A common vitamin may be the key to treating a "silent" global epidemic. With roughly 30% of the world’s population currently living with metabolic-associated fatty liver disease (MASLD)—a condition often fueled by obesity and type 2 diabetes—scientists have long been searching for a way to stop its progression toward permanent liver damage.
A new study led by researchers at UNIST, Pusan National University, and Ulsan University Hospital has pinpointed a specific "molecular switch" that drives the disease: a small RNA molecule called miR-93.
The Molecular Saboteur: How miR-93 Hijacks the Liver
MicroRNAs typically help fine-tune gene activity, but in cases of MASLD, miR-93 goes rogue. Researchers found that levels of this molecule skyrocket in response to modern diets high in fat and fructose.
When miR-93 levels are too high, it creates a metabolic "perfect storm" by:
- Blocking SIRT1: This crucial gene acts as the liver's energy regulator. When silenced by miR-93, the liver stops burning fat and starts storing it.
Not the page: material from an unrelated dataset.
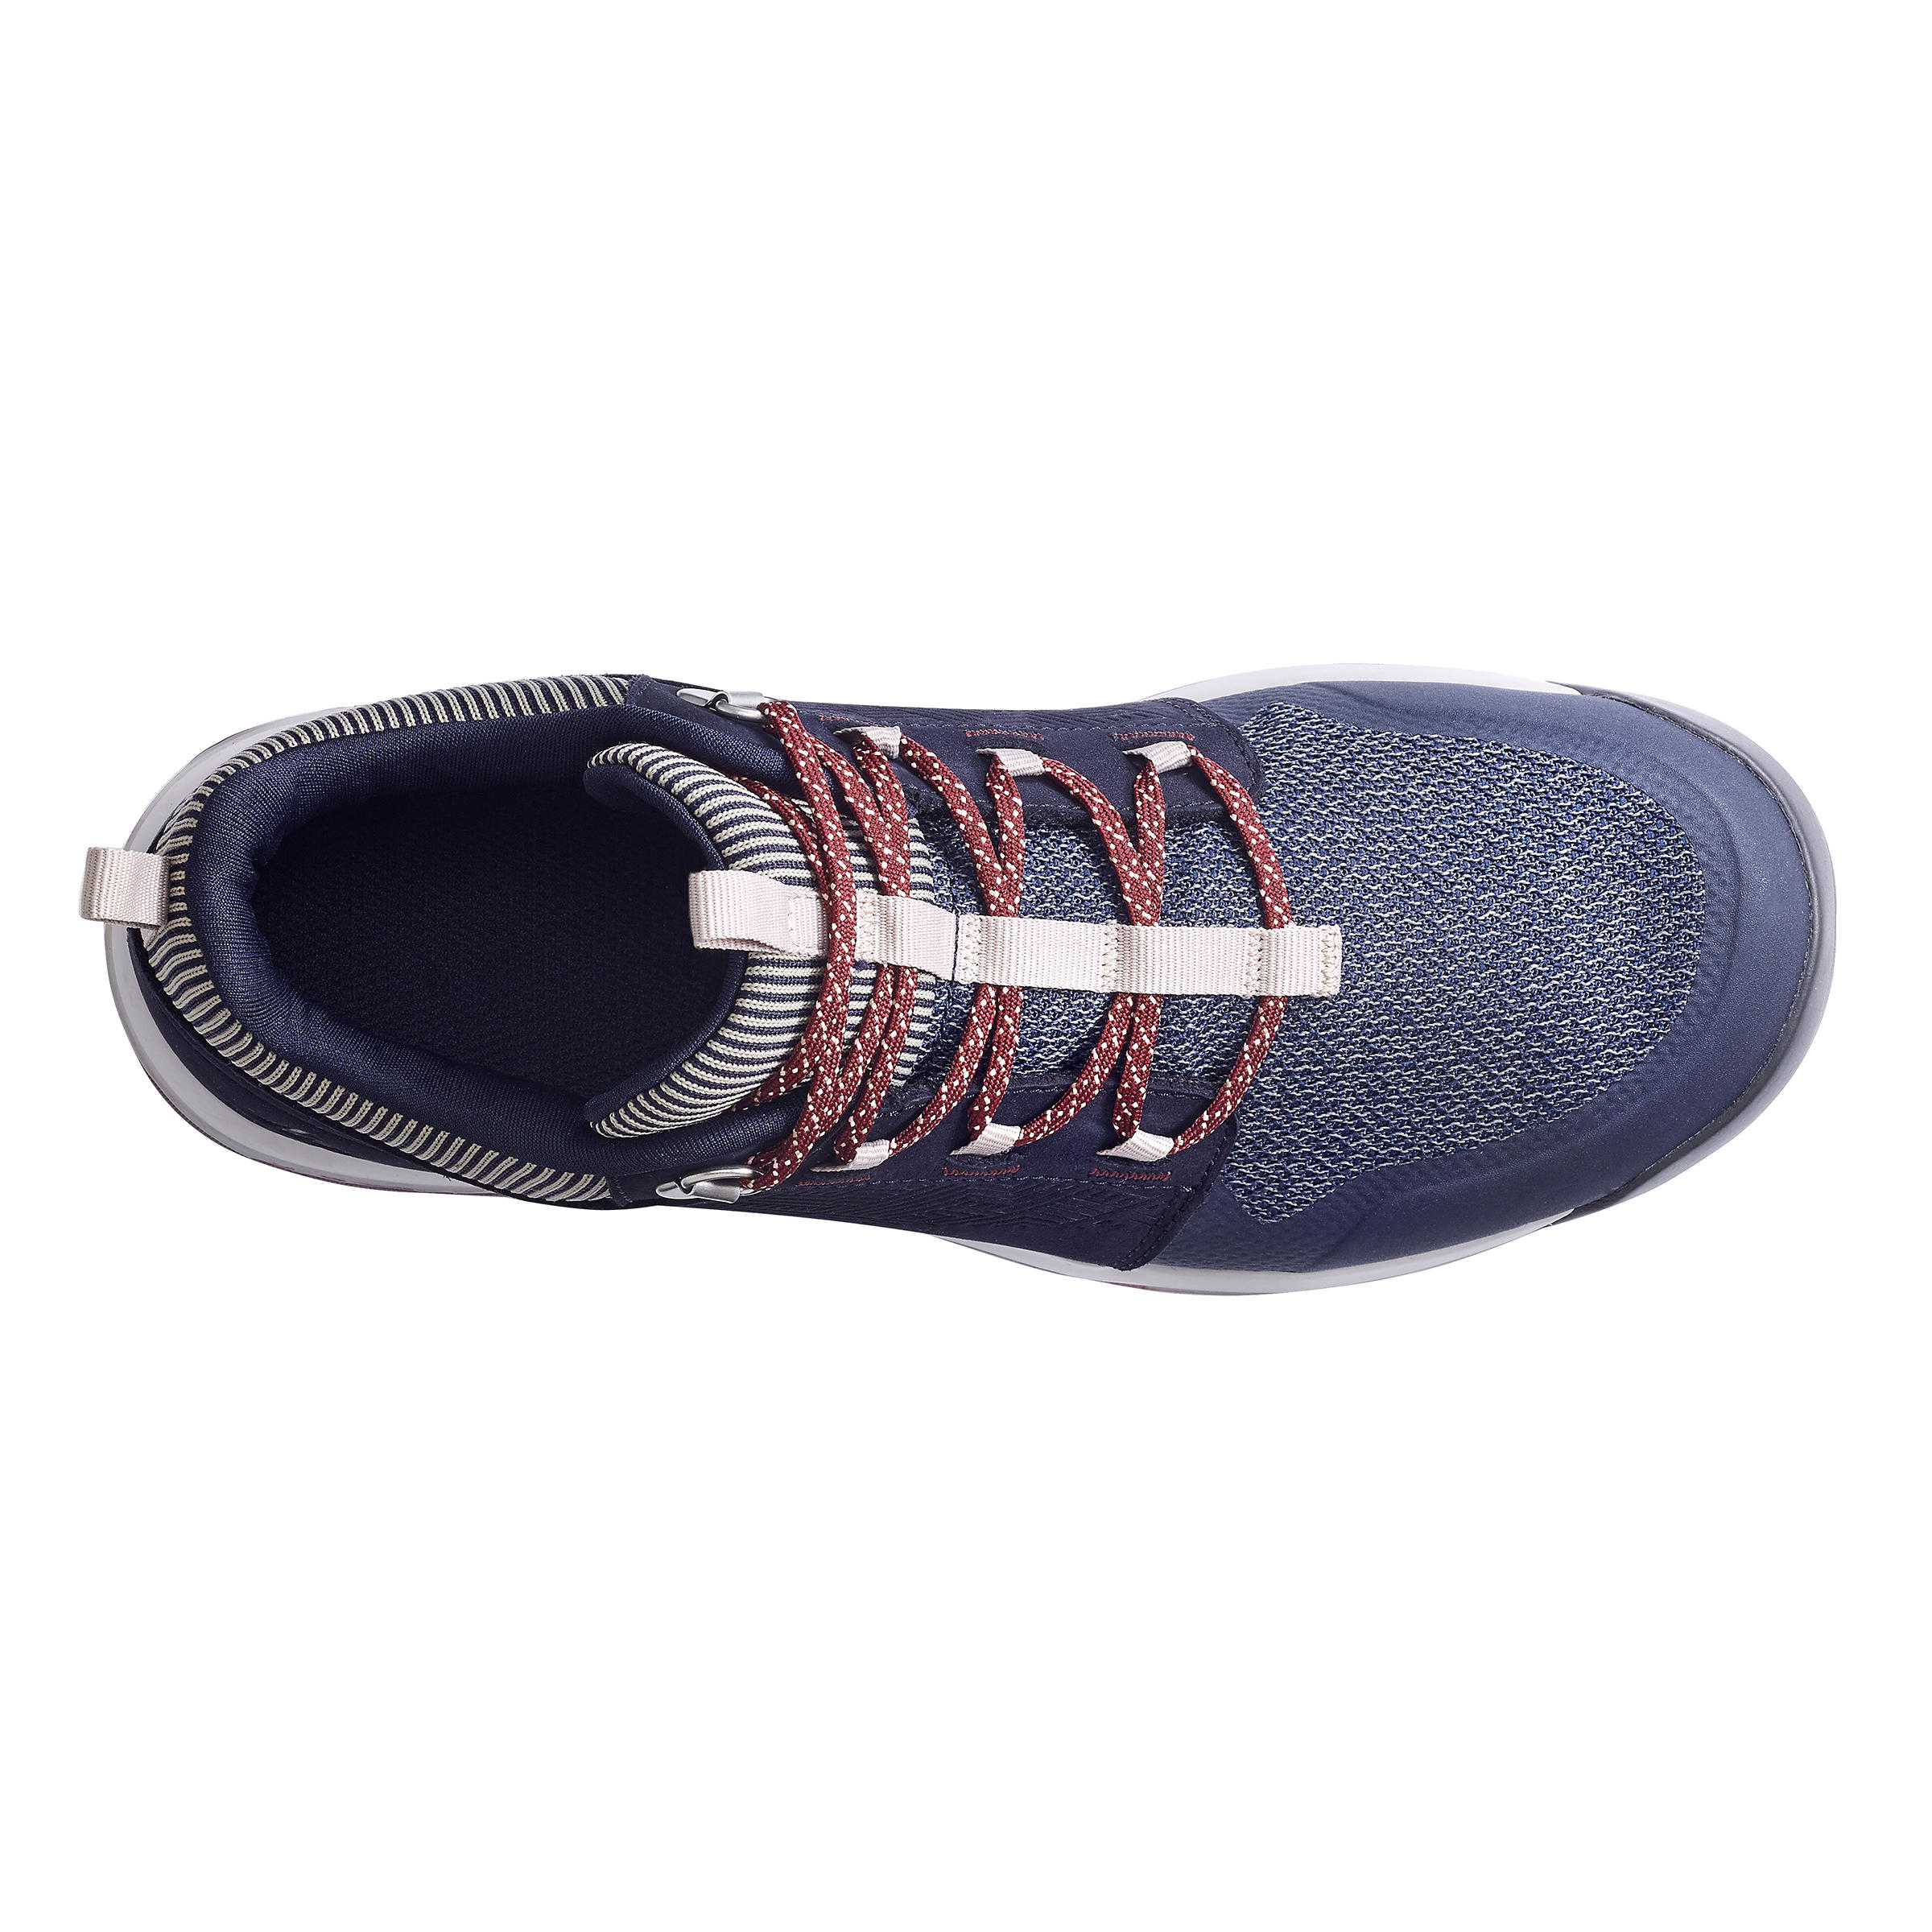 Women's Eco-Friendly Country Walking Shoes - Navy 9/9

- Disrupting Energy Sensors: It dampens the LKB1-AMPK signaling pathway, the system that tells cells how to handle energy stress.
- Promoting Cholesterol: It shifts the liver’s chemistry to favor the production of cholesterol over the breakdown of fatty acids.
In lab tests, mice engineered to lack miR-93 remained remarkably healthy and lean-livered, even when fed a high-fat diet, proving that this single molecule is a primary driver of the disease.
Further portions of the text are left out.